Exercise data:
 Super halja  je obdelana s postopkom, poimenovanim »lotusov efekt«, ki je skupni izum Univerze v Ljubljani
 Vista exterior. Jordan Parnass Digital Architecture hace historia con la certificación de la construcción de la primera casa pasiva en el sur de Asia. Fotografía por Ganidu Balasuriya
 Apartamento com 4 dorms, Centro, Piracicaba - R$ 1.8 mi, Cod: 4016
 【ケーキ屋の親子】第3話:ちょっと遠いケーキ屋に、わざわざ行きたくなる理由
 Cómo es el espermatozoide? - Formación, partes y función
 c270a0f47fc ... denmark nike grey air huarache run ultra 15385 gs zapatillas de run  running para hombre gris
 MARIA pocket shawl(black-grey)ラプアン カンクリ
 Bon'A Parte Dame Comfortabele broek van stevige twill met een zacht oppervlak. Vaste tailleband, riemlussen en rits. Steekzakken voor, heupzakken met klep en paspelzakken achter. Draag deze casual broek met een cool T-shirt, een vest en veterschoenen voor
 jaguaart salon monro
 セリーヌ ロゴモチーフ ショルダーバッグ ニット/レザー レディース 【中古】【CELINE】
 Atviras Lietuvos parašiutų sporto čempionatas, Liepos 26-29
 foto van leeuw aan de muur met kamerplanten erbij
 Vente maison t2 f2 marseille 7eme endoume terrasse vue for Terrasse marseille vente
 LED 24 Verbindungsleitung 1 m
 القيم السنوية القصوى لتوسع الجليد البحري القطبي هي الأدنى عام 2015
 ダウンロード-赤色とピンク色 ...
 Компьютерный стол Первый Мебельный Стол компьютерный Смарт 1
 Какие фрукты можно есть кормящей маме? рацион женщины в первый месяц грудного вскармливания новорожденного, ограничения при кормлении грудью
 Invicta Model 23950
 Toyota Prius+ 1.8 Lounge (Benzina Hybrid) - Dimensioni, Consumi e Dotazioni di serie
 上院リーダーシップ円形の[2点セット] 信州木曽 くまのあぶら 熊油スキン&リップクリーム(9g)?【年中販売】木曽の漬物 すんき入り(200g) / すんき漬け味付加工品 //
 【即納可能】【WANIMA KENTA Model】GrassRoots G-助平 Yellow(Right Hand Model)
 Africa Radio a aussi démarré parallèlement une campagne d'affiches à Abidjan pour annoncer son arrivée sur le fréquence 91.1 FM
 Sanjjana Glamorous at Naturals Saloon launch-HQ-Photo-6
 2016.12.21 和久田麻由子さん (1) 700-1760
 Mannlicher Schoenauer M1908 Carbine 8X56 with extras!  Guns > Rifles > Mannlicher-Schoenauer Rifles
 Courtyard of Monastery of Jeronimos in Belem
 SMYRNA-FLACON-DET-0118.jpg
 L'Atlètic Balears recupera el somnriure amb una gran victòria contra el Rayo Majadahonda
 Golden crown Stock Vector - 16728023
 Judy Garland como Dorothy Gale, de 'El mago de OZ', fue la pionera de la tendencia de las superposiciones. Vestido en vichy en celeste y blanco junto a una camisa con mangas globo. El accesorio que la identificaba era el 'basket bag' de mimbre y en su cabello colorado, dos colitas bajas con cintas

What is expected: With the line holding "セリーヌ ロゴモチーフ ショルダーバッグ" as the first and the line holding "2016.12.21 和久田麻由子さん (1) 700-1760" as the last, please transcribe exactly the lines of the material above in that range and nothing else.

Task response:
 セリーヌ ロゴモチーフ ショルダーバッグ ニット/レザー レディース 【中古】【CELINE】
 Atviras Lietuvos parašiutų sporto čempionatas, Liepos 26-29
 foto van leeuw aan de muur met kamerplanten erbij
 Vente maison t2 f2 marseille 7eme endoume terrasse vue for Terrasse marseille vente
 LED 24 Verbindungsleitung 1 m
 القيم السنوية القصوى لتوسع الجليد البحري القطبي هي الأدنى عام 2015
 ダウンロード-赤色とピンク色 ...
 Компьютерный стол Первый Мебельный Стол компьютерный Смарт 1
 Какие фрукты можно есть кормящей маме? рацион женщины в первый месяц грудного вскармливания новорожденного, ограничения при кормлении грудью
 Invicta Model 23950
 Toyota Prius+ 1.8 Lounge (Benzina Hybrid) - Dimensioni, Consumi e Dotazioni di serie
 上院リーダーシップ円形の[2点セット] 信州木曽 くまのあぶら 熊油スキン&リップクリーム(9g)?【年中販売】木曽の漬物 すんき入り(200g) / すんき漬け味付加工品 //
 【即納可能】【WANIMA KENTA Model】GrassRoots G-助平 Yellow(Right Hand Model)
 Africa Radio a aussi démarré parallèlement une campagne d'affiches à Abidjan pour annoncer son arrivée sur le fréquence 91.1 FM
 Sanjjana Glamorous at Naturals Saloon launch-HQ-Photo-6
 2016.12.21 和久田麻由子さん (1) 700-1760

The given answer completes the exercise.